*TO DO*
The answer consists solely of the lines running from the one with "Adult 1980s Exercise" through the final line below, transcribed exactly and without any pictures.

*PROVIDED MATERIAL*
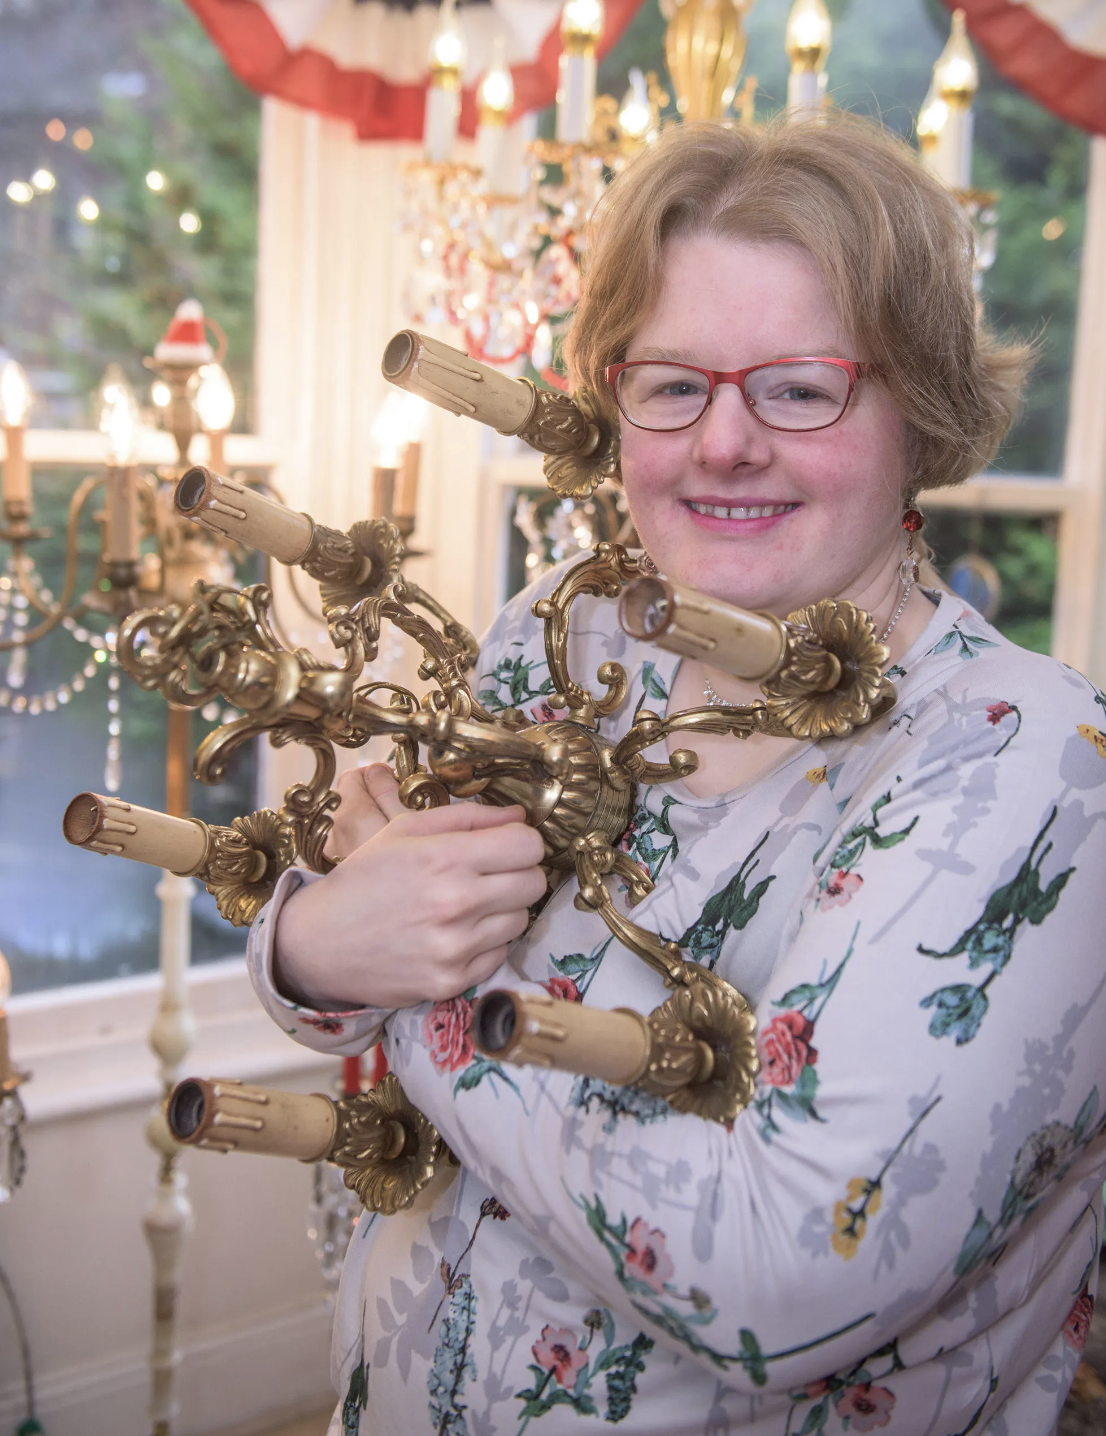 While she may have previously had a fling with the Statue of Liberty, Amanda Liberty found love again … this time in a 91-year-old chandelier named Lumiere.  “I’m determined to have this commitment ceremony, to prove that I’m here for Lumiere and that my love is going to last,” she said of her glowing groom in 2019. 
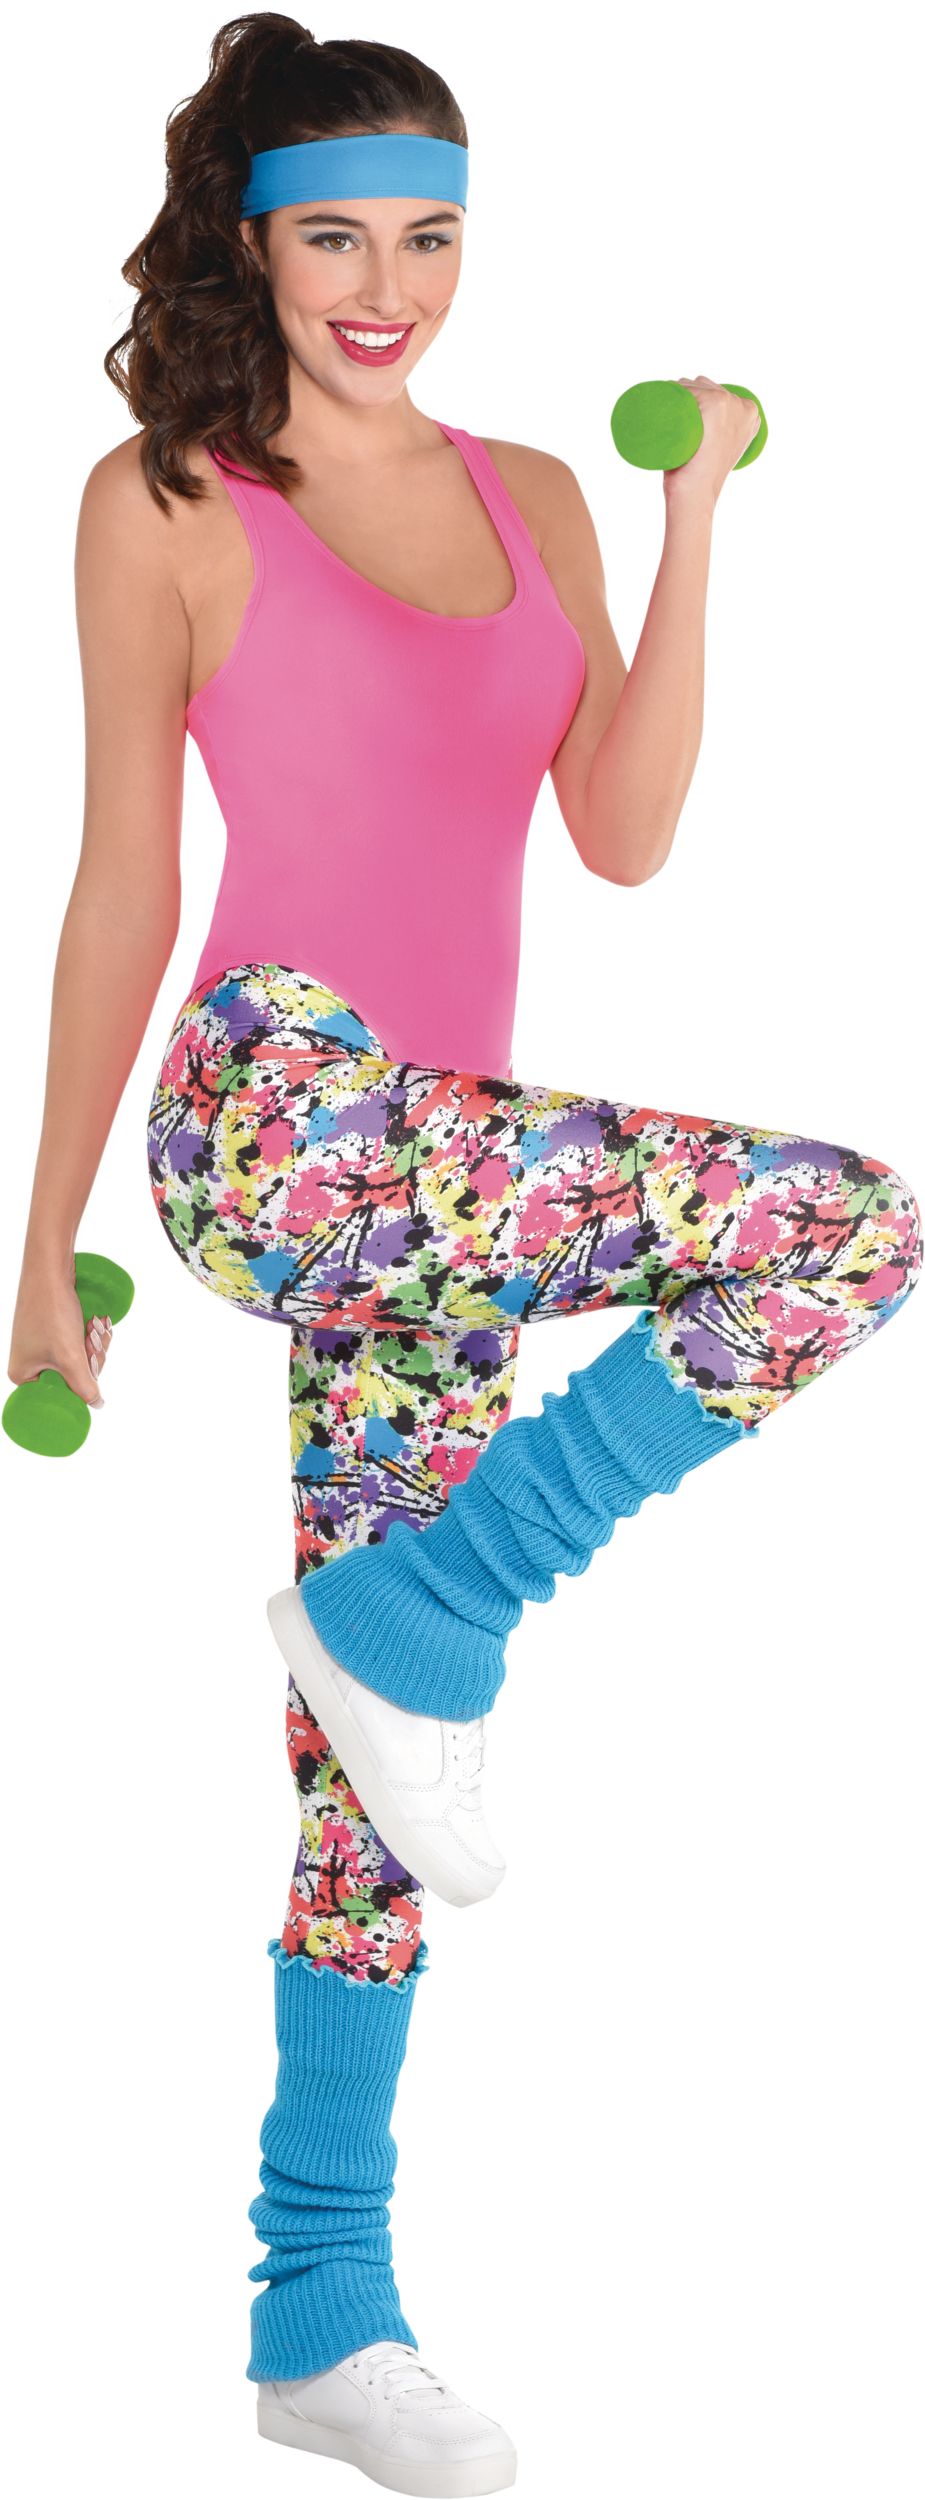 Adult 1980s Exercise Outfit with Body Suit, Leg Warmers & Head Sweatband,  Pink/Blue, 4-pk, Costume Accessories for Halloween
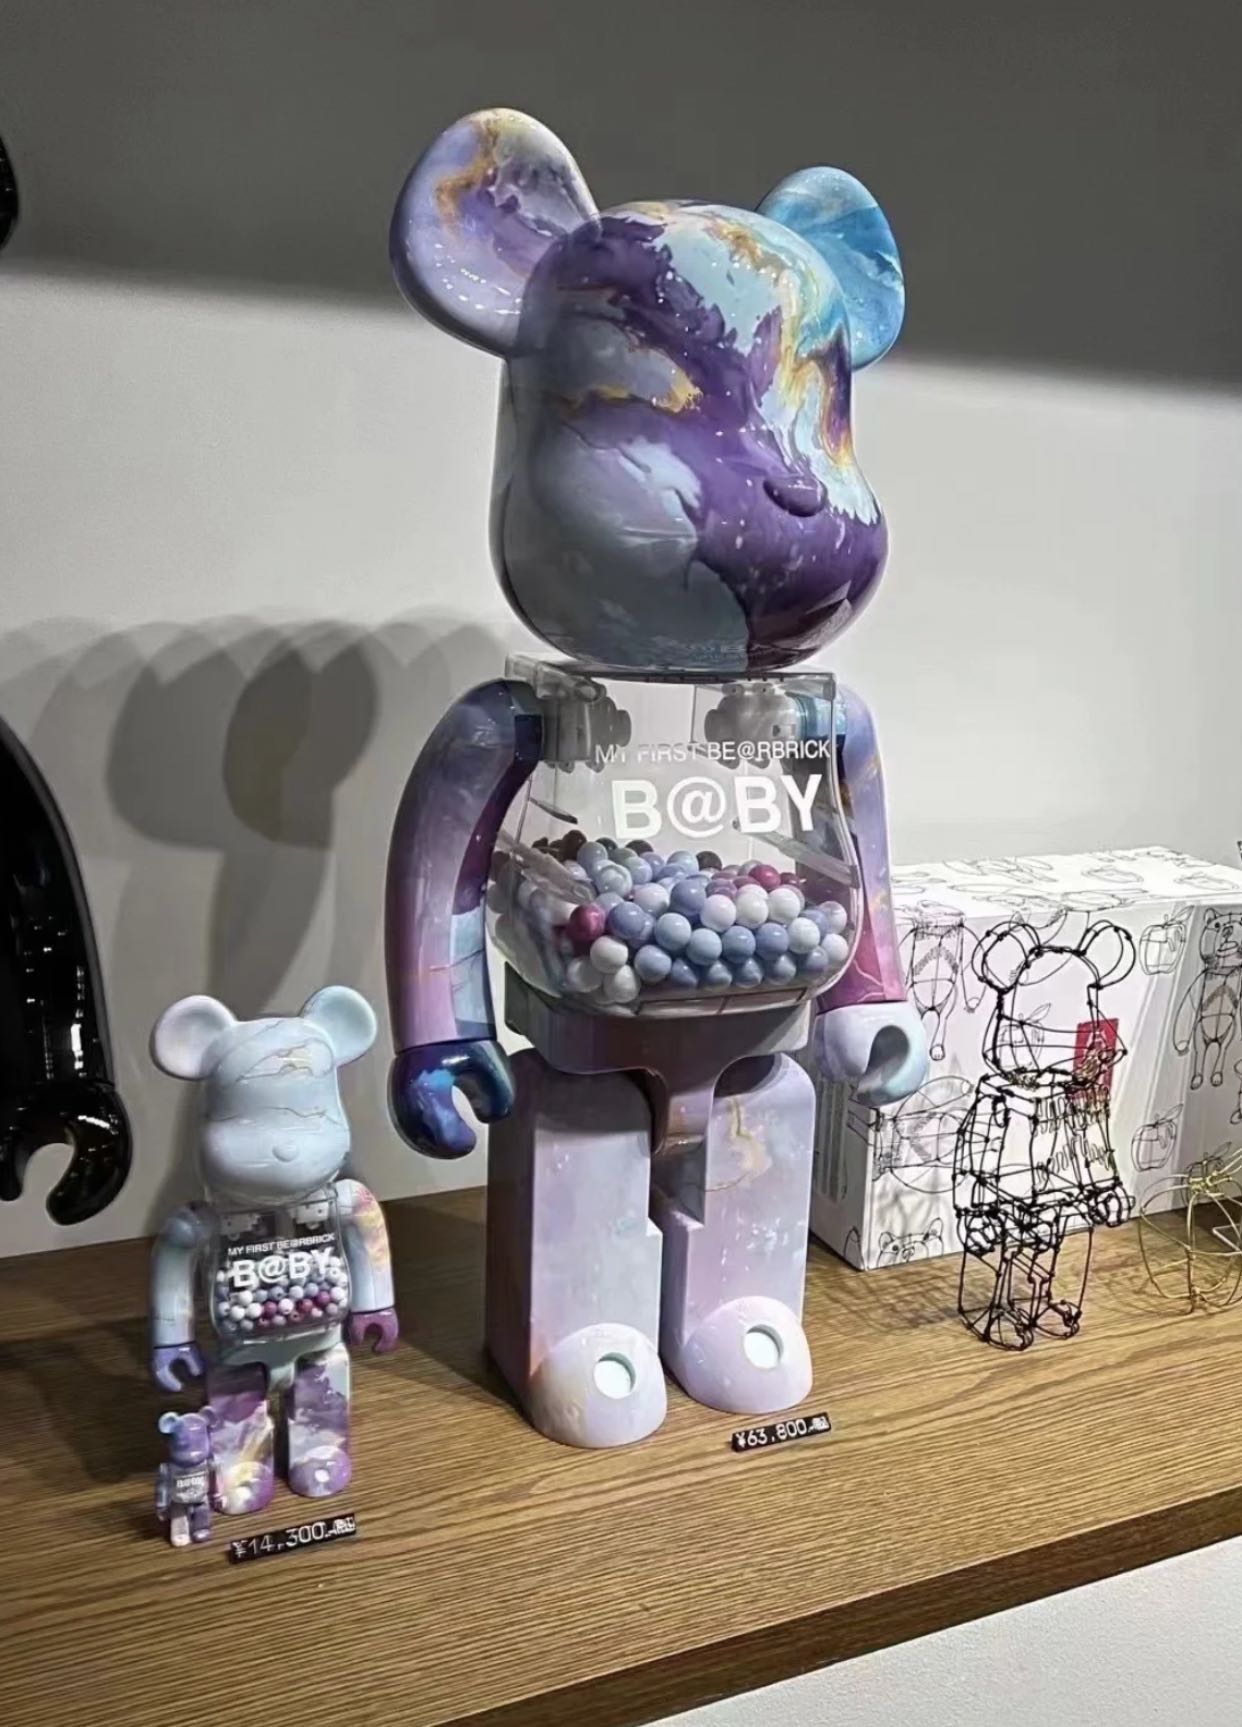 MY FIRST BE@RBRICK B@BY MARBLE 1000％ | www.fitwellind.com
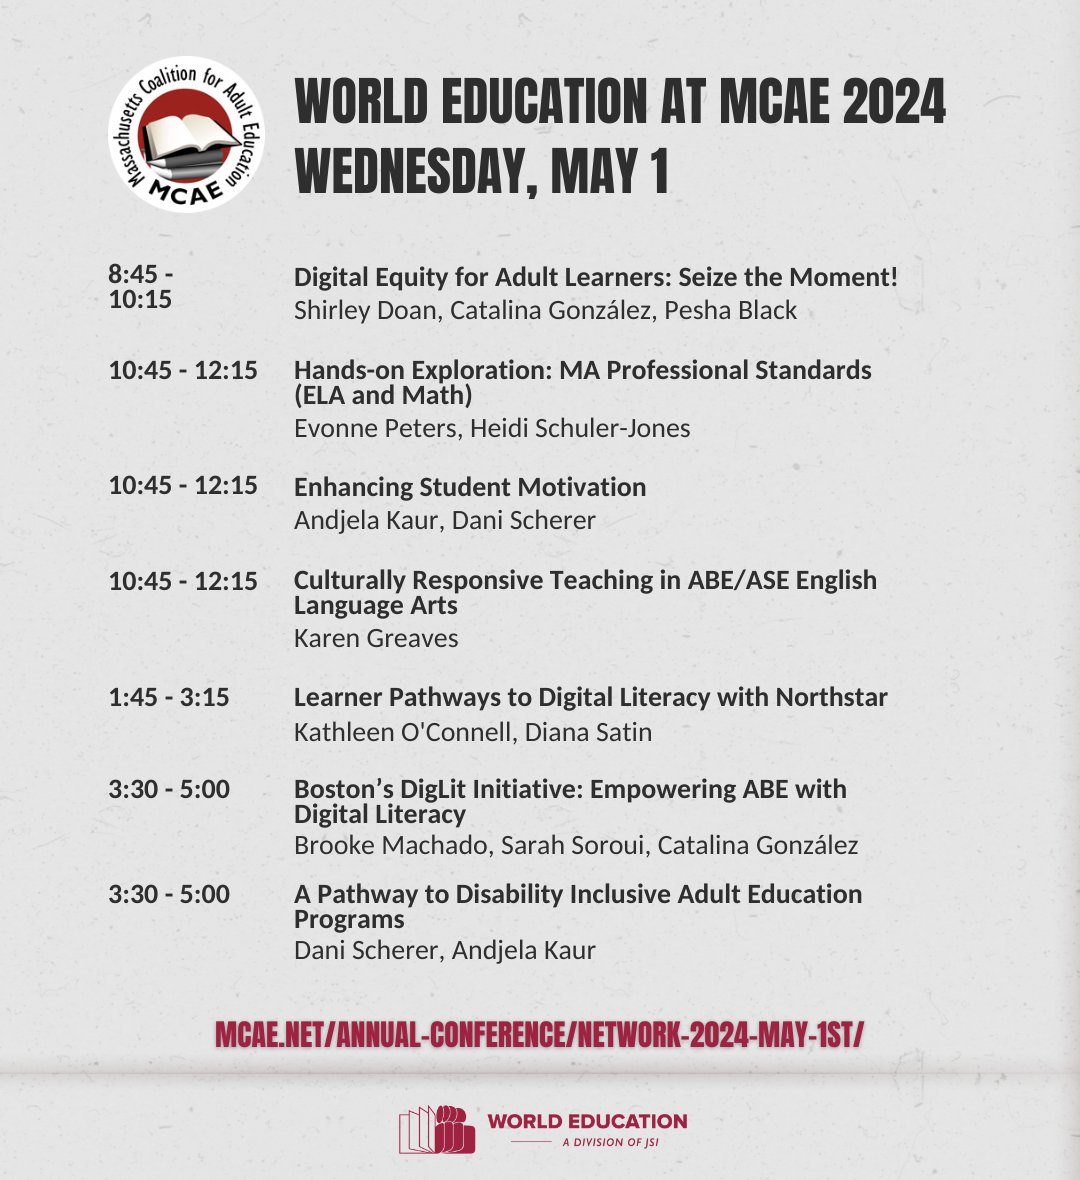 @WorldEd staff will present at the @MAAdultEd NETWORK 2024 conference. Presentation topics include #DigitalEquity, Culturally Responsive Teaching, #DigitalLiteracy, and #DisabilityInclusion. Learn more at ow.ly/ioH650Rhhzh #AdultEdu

*RESULT*
 Adult 1980s Exercise Outfit with Body Suit, Leg Warmers & Head Sweatband,  Pink/Blue, 4-pk, Costume Accessories for Halloween
 MY FIRST BE@RBRICK B@BY MARBLE 1000％ | www.fitwellind.com
 @WorldEd staff will present at the @MAAdultEd NETWORK 2024 conference. Presentation topics include #DigitalEquity, Culturally Responsive Teaching, #DigitalLiteracy, and #DisabilityInclusion. Learn more at ow.ly/ioH650Rhhzh #AdultEdu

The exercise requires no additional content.